Outro dia numa matéria sobre a Nouvelle Vague na Internet, o nome de Louis Malle aparece como um dos participantes daquele Movimento. Eis um equívoco em que ainda incorrem alguns cinéfilos/críticos mal informados. Creio que isso tem a ver com o fato de Malle ter estreado no longa quase na mesma época do nascimento da NV., embora o seu primeiro filme, um curta, date de 1953. Sim, é verdade que no livro Os Filmes de Minha Vida, (Nova Fronteira, 1989), na parte intitulada "Meus Companheiros da Nouvelle Vague", François Truffaut comente dois filmes de Malle, mas é possível que tenha considerado todos os filmes ali analisados, de diretores comtemporâneos seus, como empenhados em uma nova forma de fazer cinema, em oposição aos filmes de diretores da "Vieille Vague", e não apenas os de seus verdadeiros pares da NV.. Se assim não fosse, é o caso de se perguntar o que ali estava fazendo Roger Vadim. O certo é que Louis Malle nunca foi bei aceito pela turna da NV., certamente por manter uma independência em relação ao Movimento. E, aliás, em seu Zazie dans le Metro (1960), há numa fala de um personagem uma referência maliciosa à Nouvelle Vague.

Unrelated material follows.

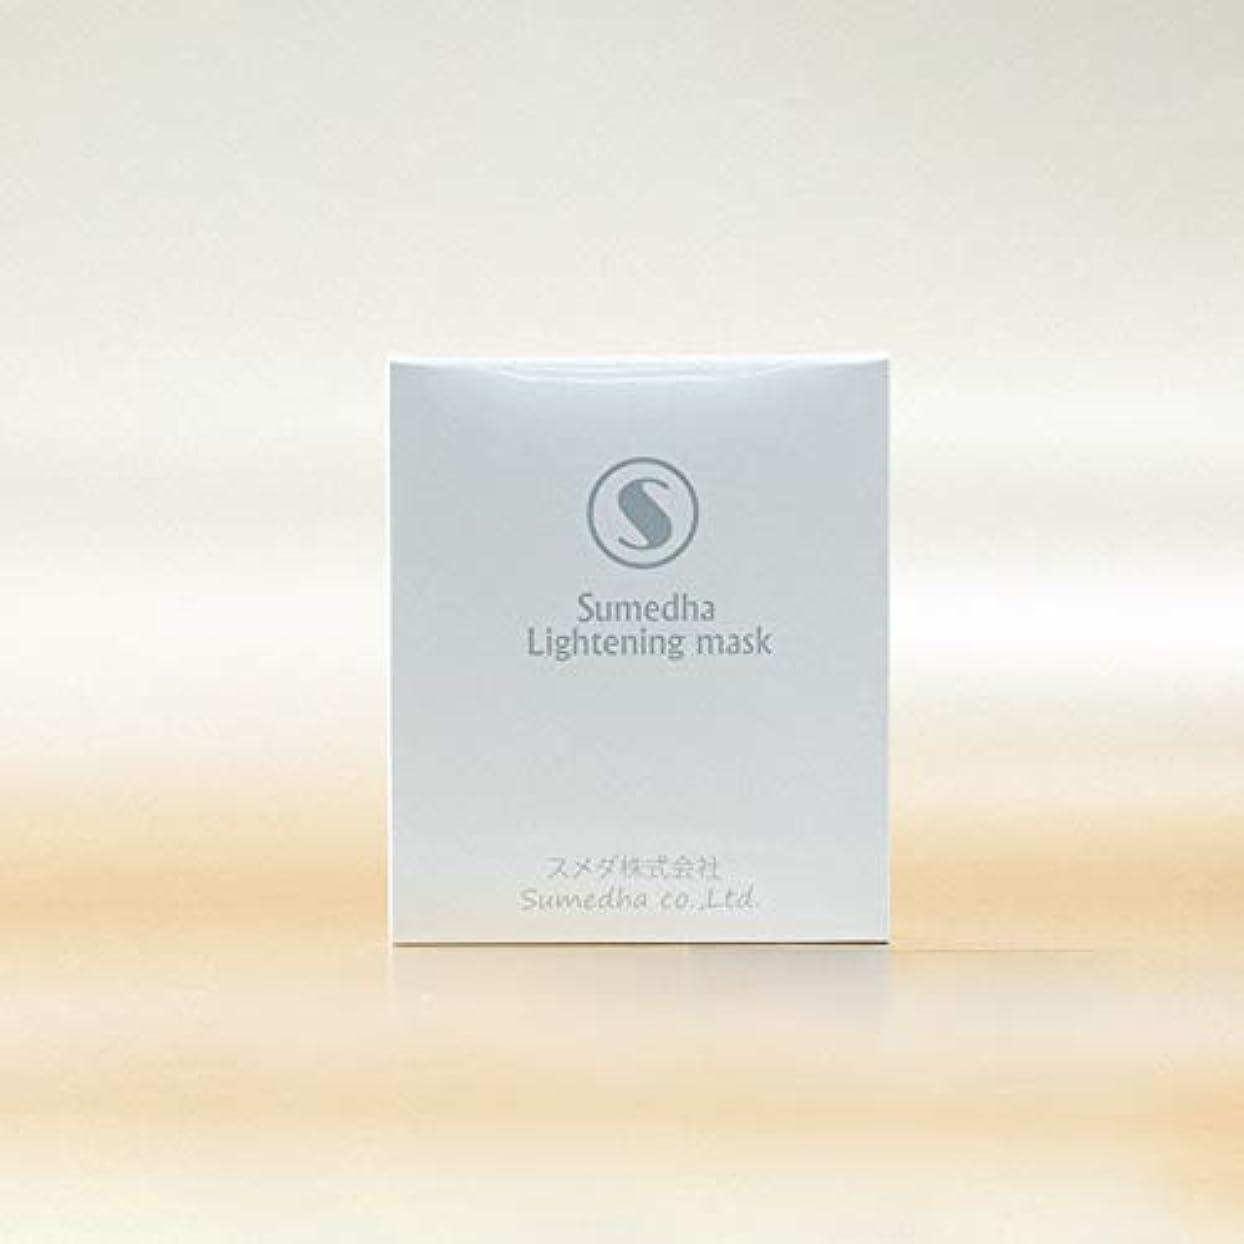 幻影増幅器助手フェイスマスク Sumedha パック 保湿マスク 日本製 マスク フェイスパック 3枚入り 美白 美容 アンチセンシティブ 角質層修復 抗酸化 保湿 補水 敏感肌 発赤 アレルギー緩和 コーセー (美白)

E o cinema de Malle possui uma característica inconfundível que não não devia atrair as simpatias daquele grupo. Quero aludir à queda que ele sempre demonstrou pelo ousado, o escandaloso, o polêmico, desde quando no distante ano de 1958 mostrou, em Os Amantes, uma variação do ato sexual, chocando os puritanos da época. E ao revelar isso, Malle procurava atingir aquele que, segundo o crítico Ricardo Cota, era o alvo principal de seu ataque, isto é, "os arraigados costumes burgueses", encobertos pelo manto do puritanismo, da hipocrisia, do falso moralismo. Na fuga do personagem de Jeanne Moreau com o amante, ela (mal) casada com um homem riquíssimo, é feita a defesa da liberação da mulher, quando o feminismo era uma palavra que não constava do dicionário.

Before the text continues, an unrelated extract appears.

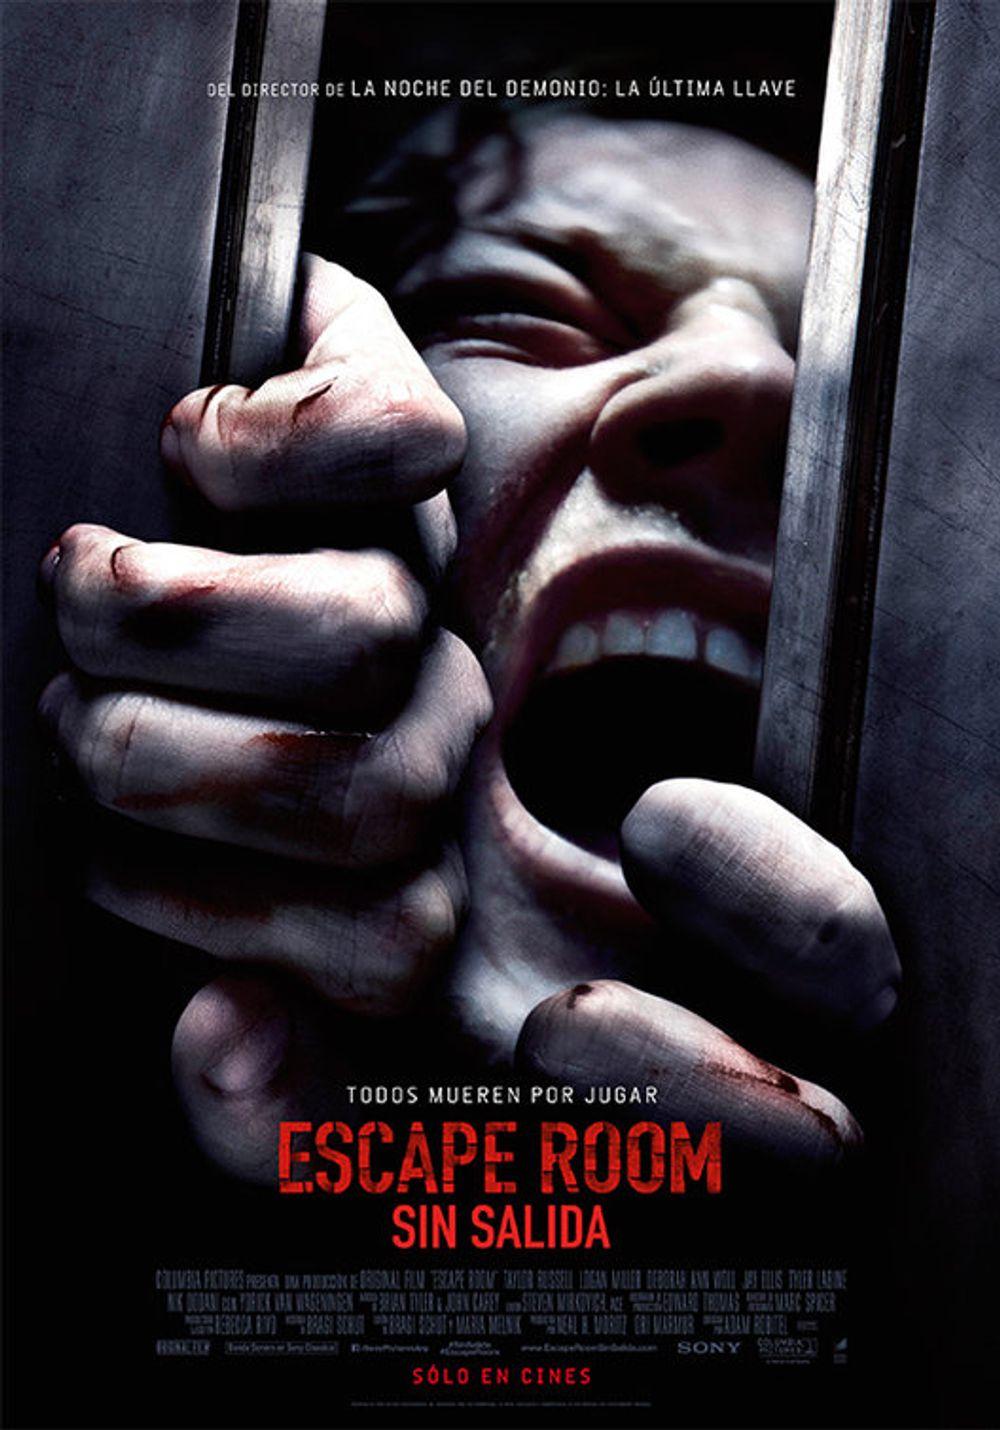 1-Escape Room

E daí pra frente ele expôs a relação incestuosa entre a mãe e o filho adolescente em O Sopro no Coração (1970), o colaboracionismo à ocupação nazista, uma mancha indelével no orgulho francês (Lacombe Lucien , 1973), a paixão abrasadora entre a noiva e o pai do noivo em Perdas e Danos (1992, seu penúltimo filme), neste ainda tendo de volta a presença do incesto, entre irmã e irmão, só que o incesto não é mostrado, mas revelado pela irmã numa conversa dela com o amante e quase futuro sogro. E há ainda em Pretty Baby, 1978, sua estréia no cinema americano, a iniciação na prostitutuição de uma garota criada em um bordel, onde sua mãe trabalhava. Mas, atenção. Não se pense que Malle, no propósito de pôr o dedo na ferida, tivesse apenas em mente o desejo de passar a sua "mensagem", com o único objetivo de causar escândalo, de provocar polêmica. Não. Seus filmes eram bem realizados, demonstrando o conhecimento que ele possuía da técnica e da linguagem cinematográficas. Sem falar da sensibilidade e de uma certa delicadeza imprimidas à narrativa. Inesquecível, para citar um exemplo ao acaso, a antológica sequência em que o casal de Os Amantes passeia, de mãos dadas, em plena madrugada, na qual se aliam o lirismo, a magia e um quê de onirismo.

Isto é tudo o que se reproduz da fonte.